Ask HN: 99 Designs for PR. Interested? - prmarketplace

We're building 99 Designs for PR (a PR marketplace).<p>We think PR firms charge way too much, with very little accountability and transparency. It's also difficult to figure out which PR firms are good, and which suck.<p>We are building a marketplace that will help you get PR help quickly, reliably and cheaply.<p>Interested? What do you think?<p>Want to join our beta?
prmarketplace@gmail.com
======
abbasmehdi
This can be a slam dunk!

If I can say "I want to see positive coverage of my product in NYT, WSJ, SF
Chronicle etc and am willing to pay $500 for each positive piece", then that’s
it!

I'd pay $500 for each full review in a tier 1 publication (and half that for a
simple mention), $300 for tier 2, and $200 for tier 3, and $100 for blogs etc.

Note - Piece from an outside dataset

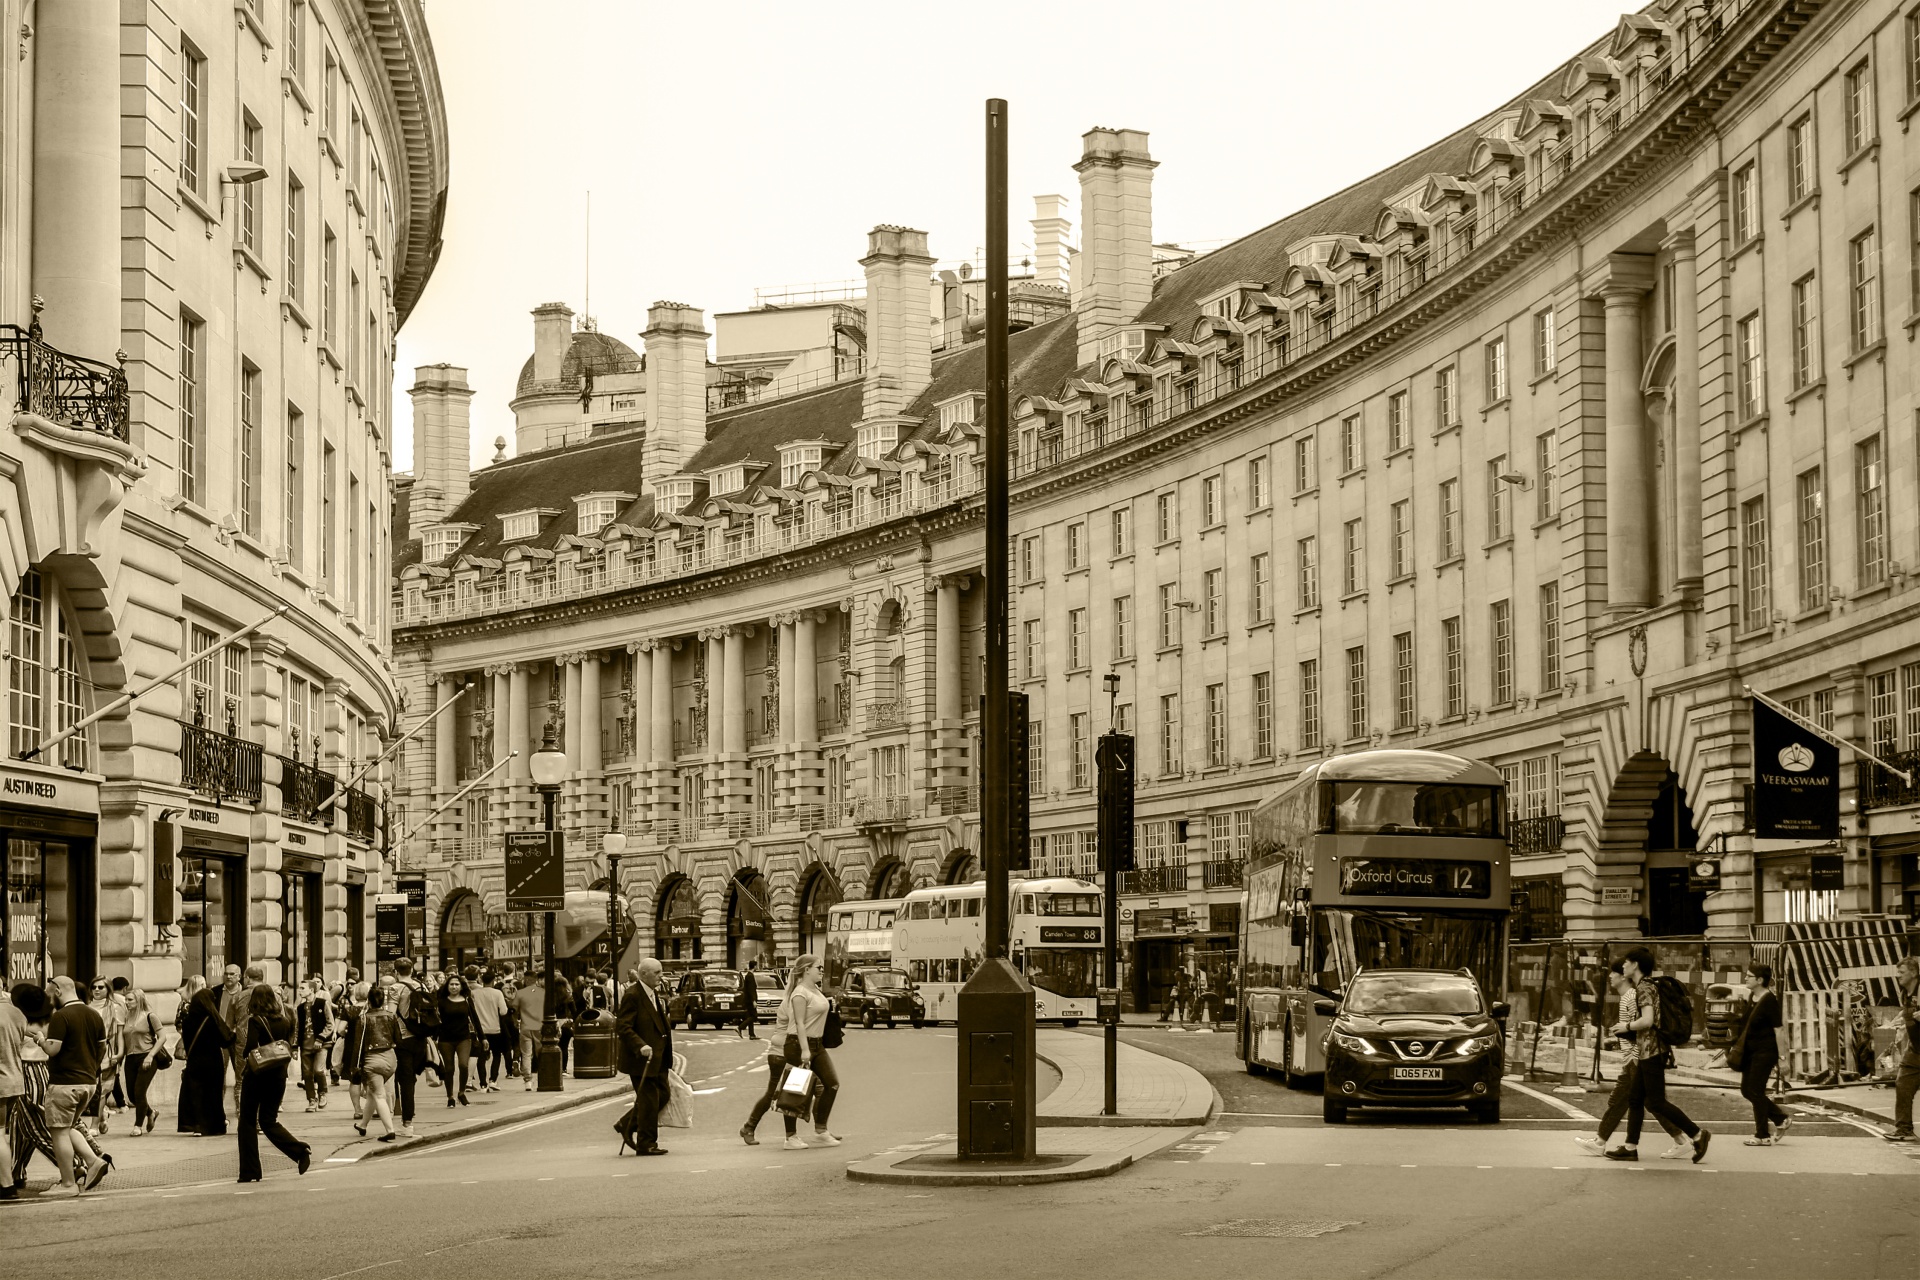 London street sepia image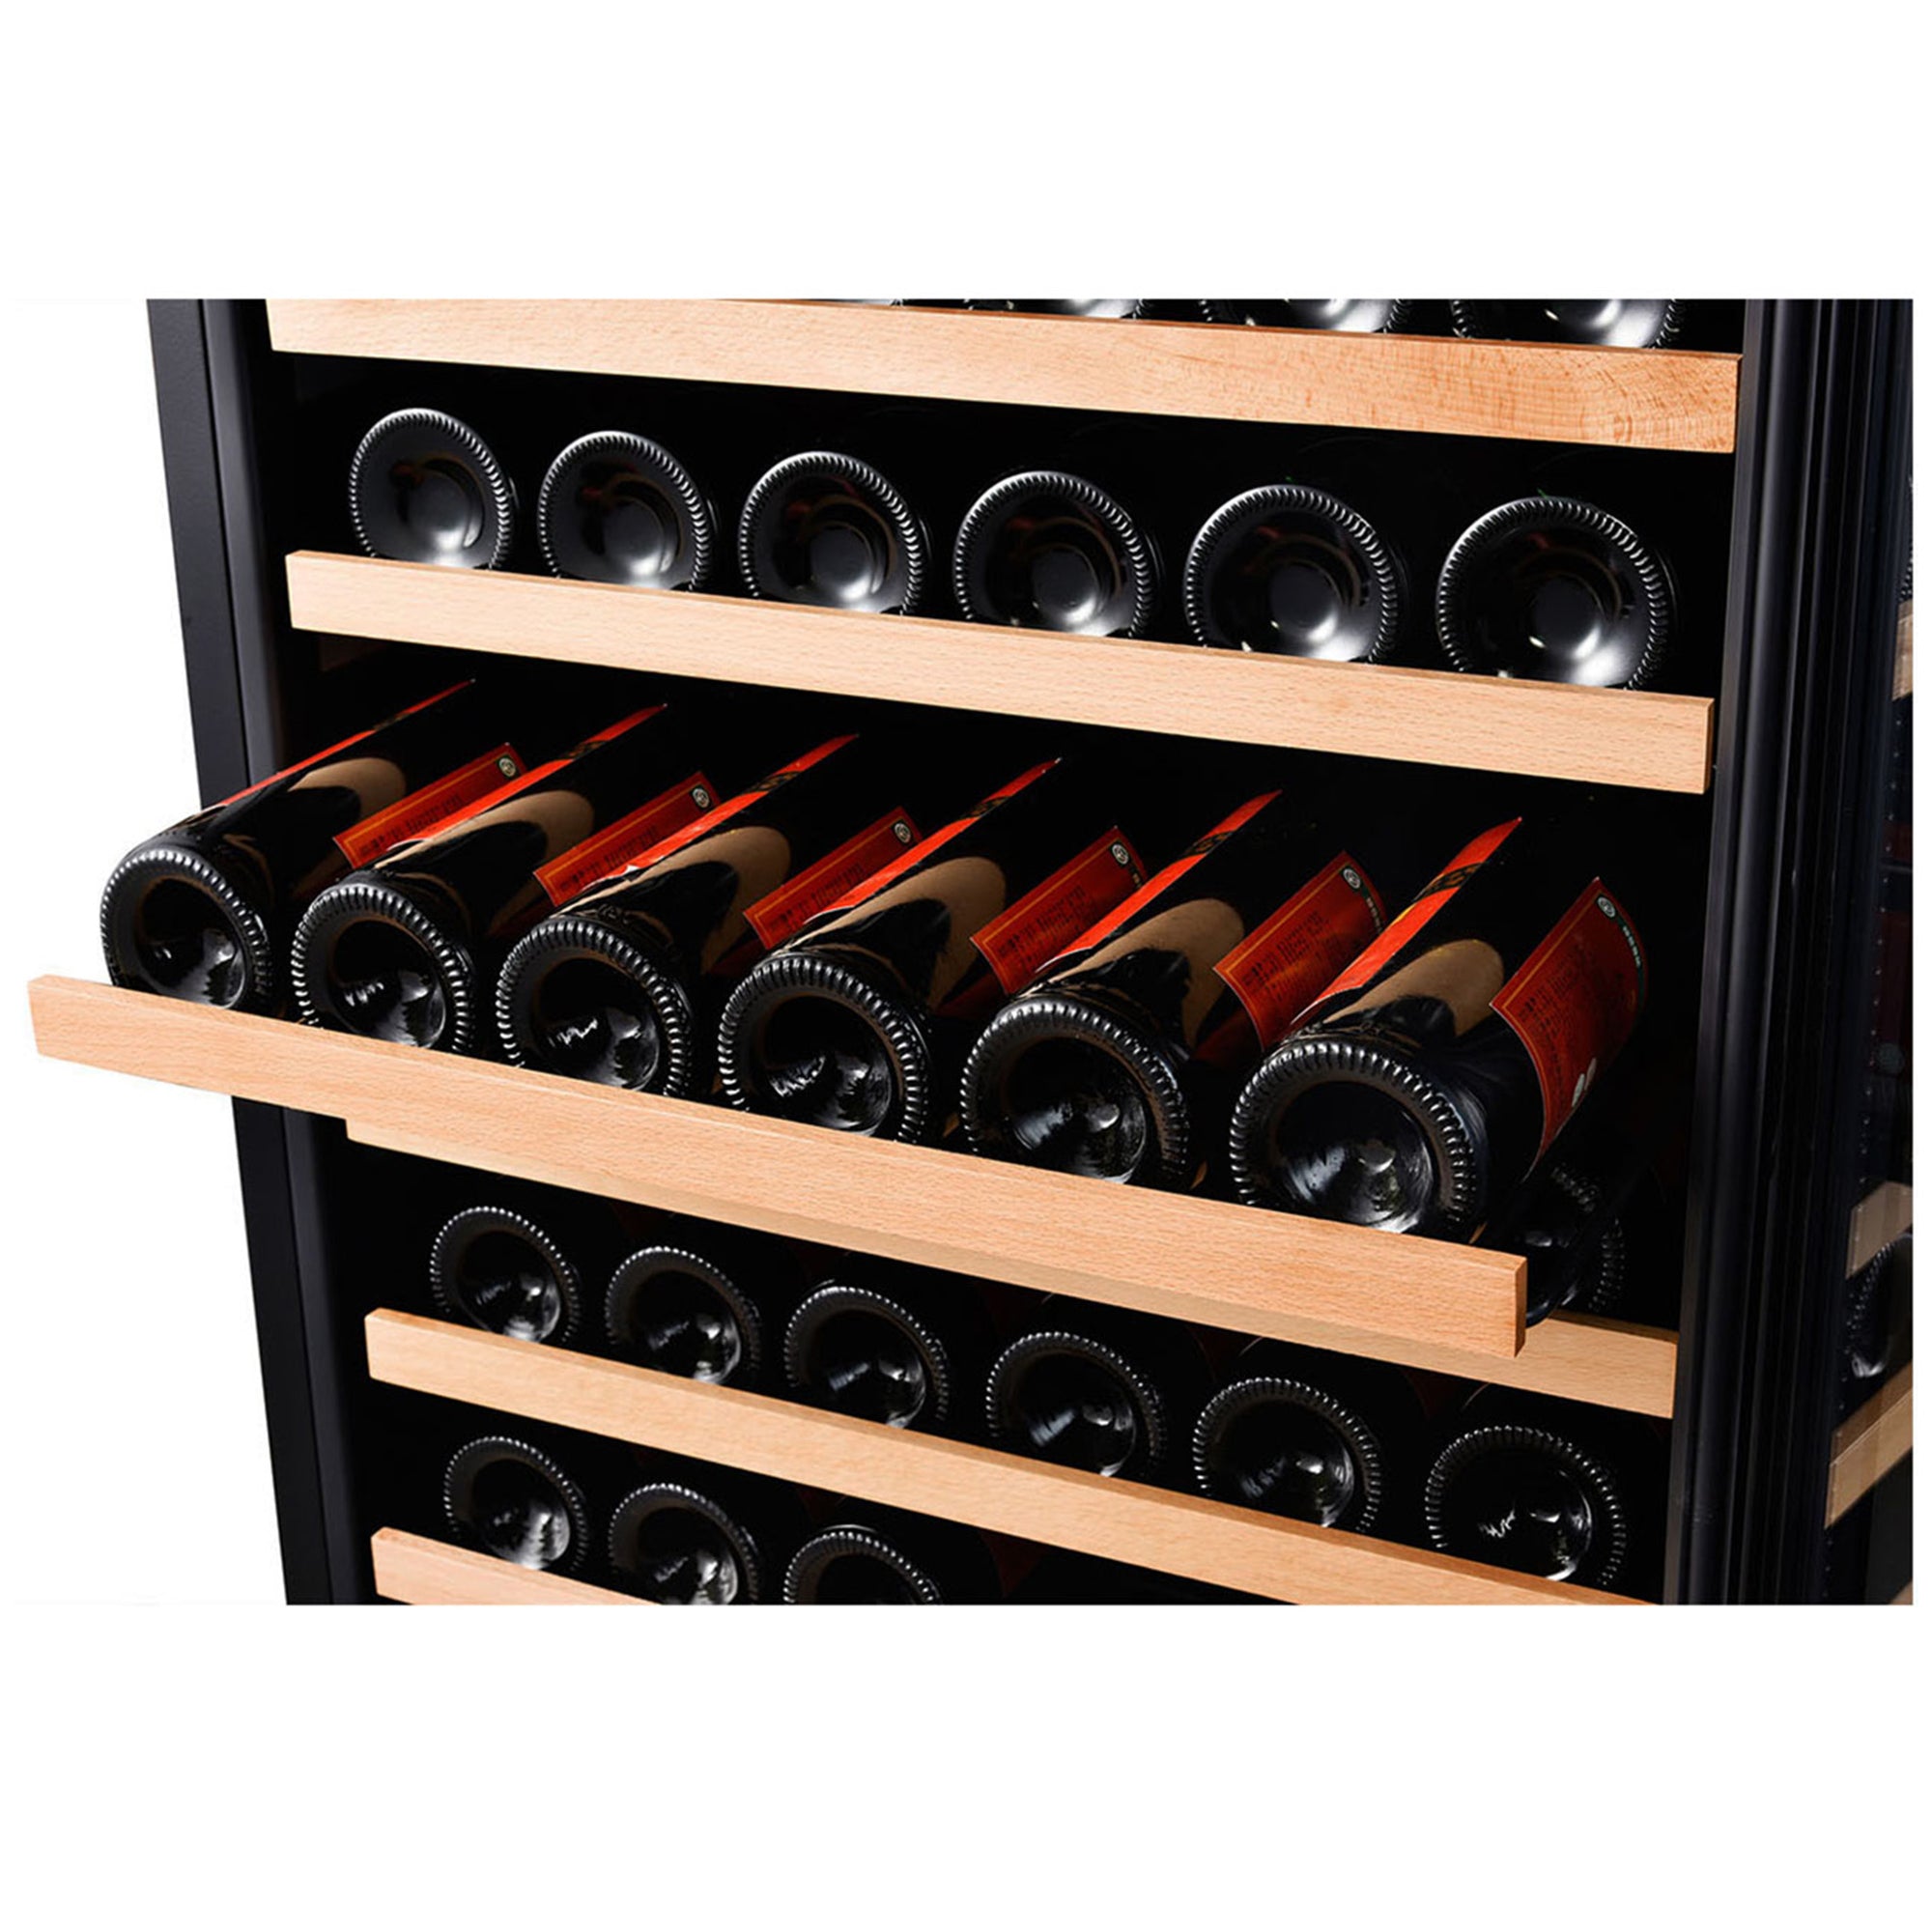 166 Bottle Dual Zone Stainless Steel Wine Refrigerator

I'd define each tier by the number of impressions or circulation etc. I'd also
like to say which demographics I want to focus on etc.

You're an explosion waiting to happen, and will truly disrupt PR firms (I
think you’ll be a hit even if you’re mildly idiotic ;)! A caveat, a PR person
can ruin a product’s or a business’ reputation by being shortsighted and
annoying the press too much (shortsighted PR people don’t care about the long
term relationship between the client and the press, they just want one piece
in the press, grab the $500 and move on, so you will have to put safety
mechanisms in place, also mechanisms against 2 or more people pitching the
same product to the same guy at the same time (the press will hate this and
blacklist the product due to the companies over-aggressive PR tactics), then
fighting over who got the coverage). These are all easily addressable, if you
can’t figure them out then I can help you figure this out (free, I don't mind
helping its fun).

Anyway, big need, big market, do it already! :-)

------
kposehn
99 Designs has succeeded so well because they were able to watch the entire
concept evolve before actually turning it into a business. Now, it is a good
ecosystem but there are a few aspects in my understanding that might make it
hard for PR.

Do you intend to go purely for the text of the release itself? As in, "here is
my service/product/awesome-thing please write a press release for me to have
distributed" or do you want to make that format for an entire end-to-end
service?

On the pure copy basis I could see it easily becoming a good venue as it quite
frankly is a complete and utter mess overall. For the entire release-to-
distribution, while I would certainly use it a lot, I'm not sure how you would
go about it. I'm certainly interested in seeing what you have in mind :)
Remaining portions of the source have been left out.